Data for this exercise |

[Start of Attachment]

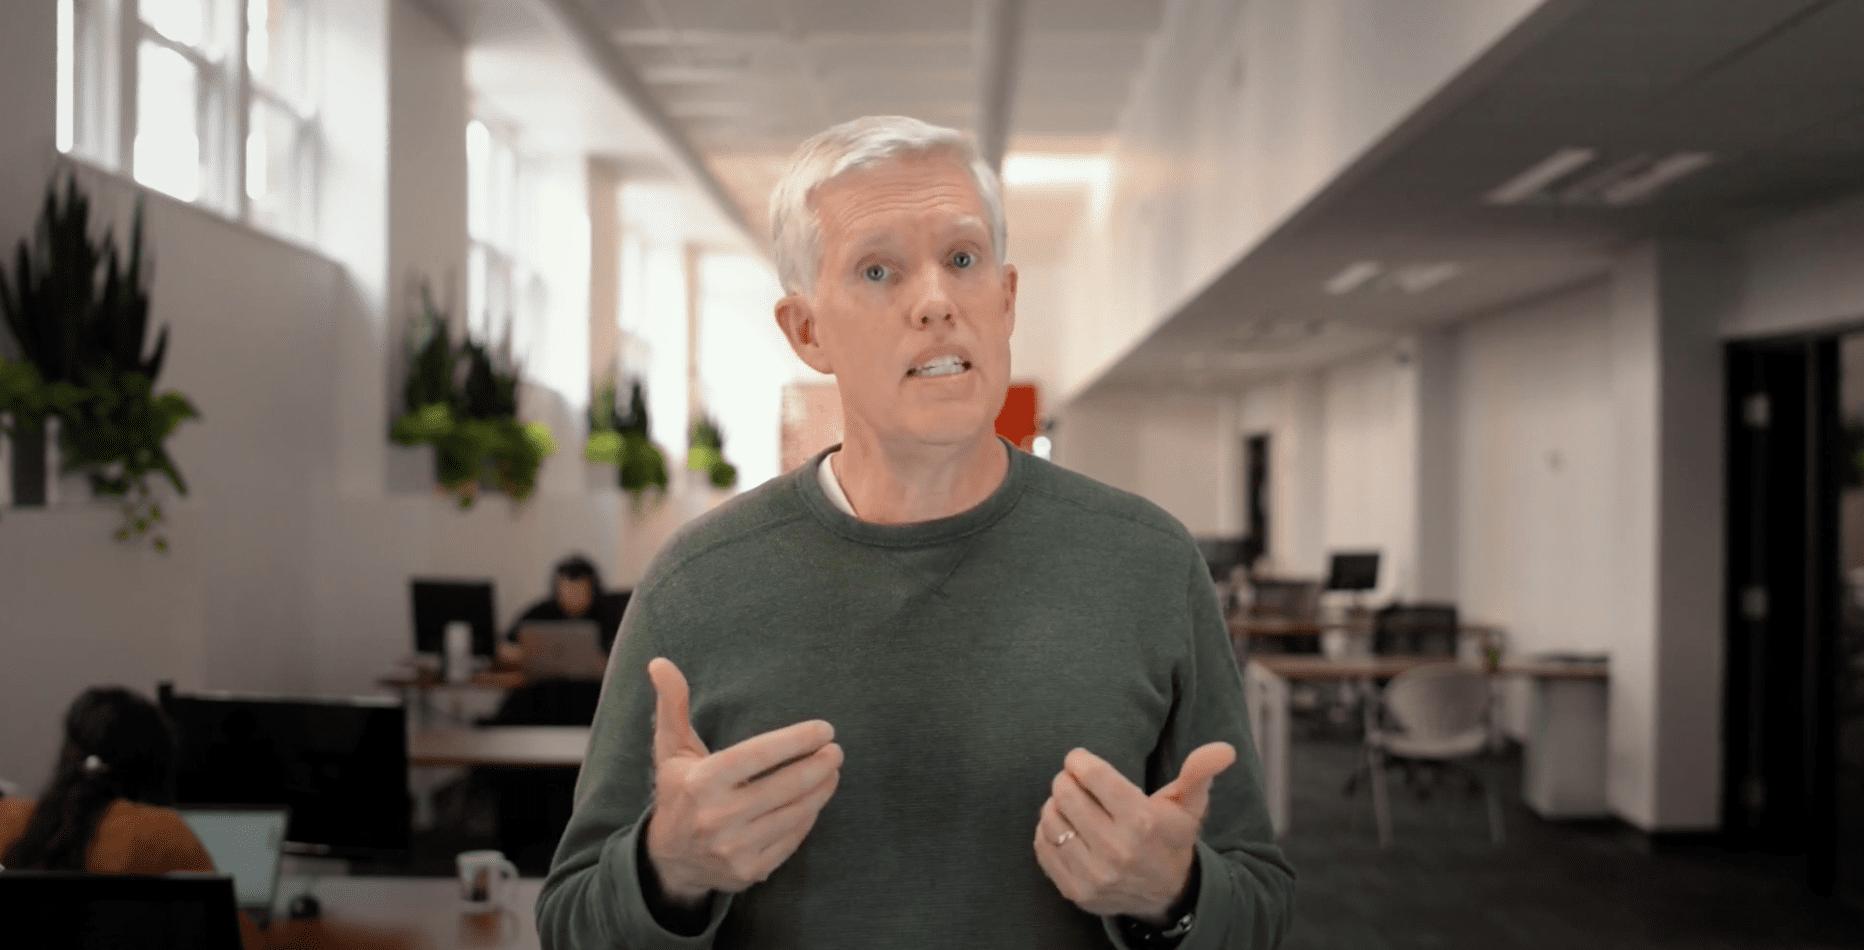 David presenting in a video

[End of Attachment]
[Start of Attachment]

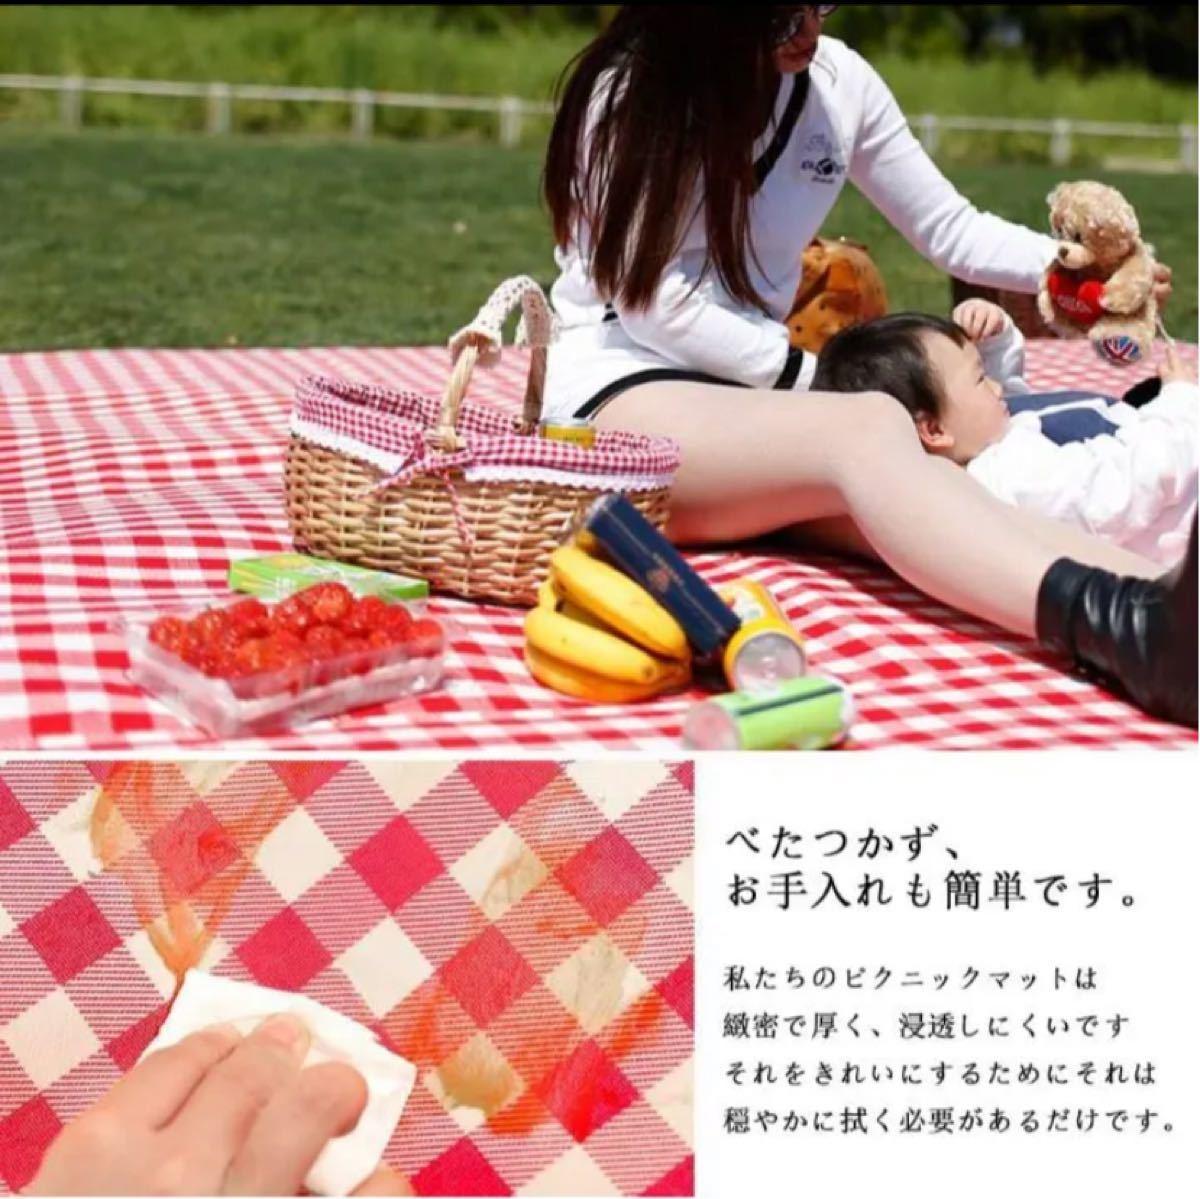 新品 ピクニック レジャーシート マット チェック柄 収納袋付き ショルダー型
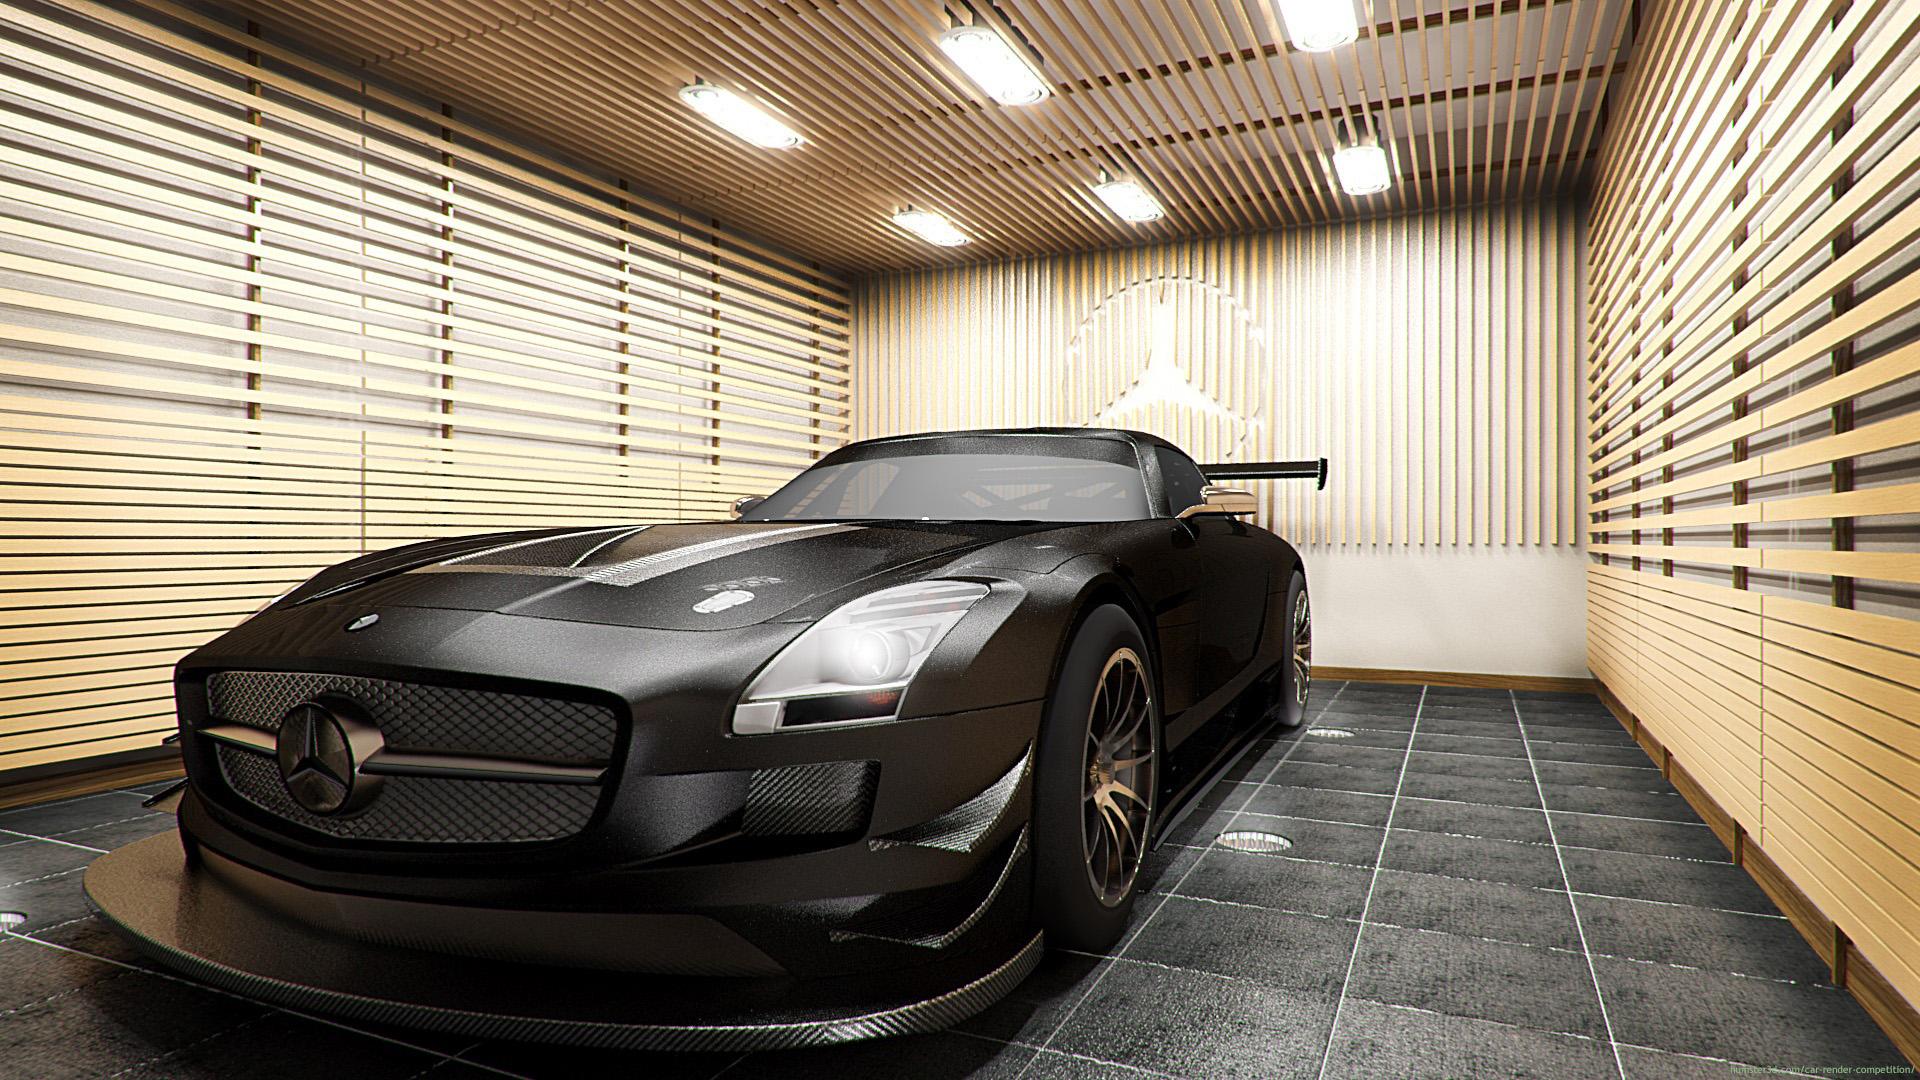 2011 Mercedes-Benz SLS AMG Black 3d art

[End of Attachment]

Task to carry out |
Since the pictures are not part of the copy, please transcribe only the lines above from the one with "新品 ピクニック レジャーシート マット チェック柄 収納袋付き ショルダー型" through the one with "2011 Mercedes-Benz SLS AMG Black 3d art", exactly and with both ends.

Problem solution |
 新品 ピクニック レジャーシート マット チェック柄 収納袋付き ショルダー型
 2011 Mercedes-Benz SLS AMG Black 3d art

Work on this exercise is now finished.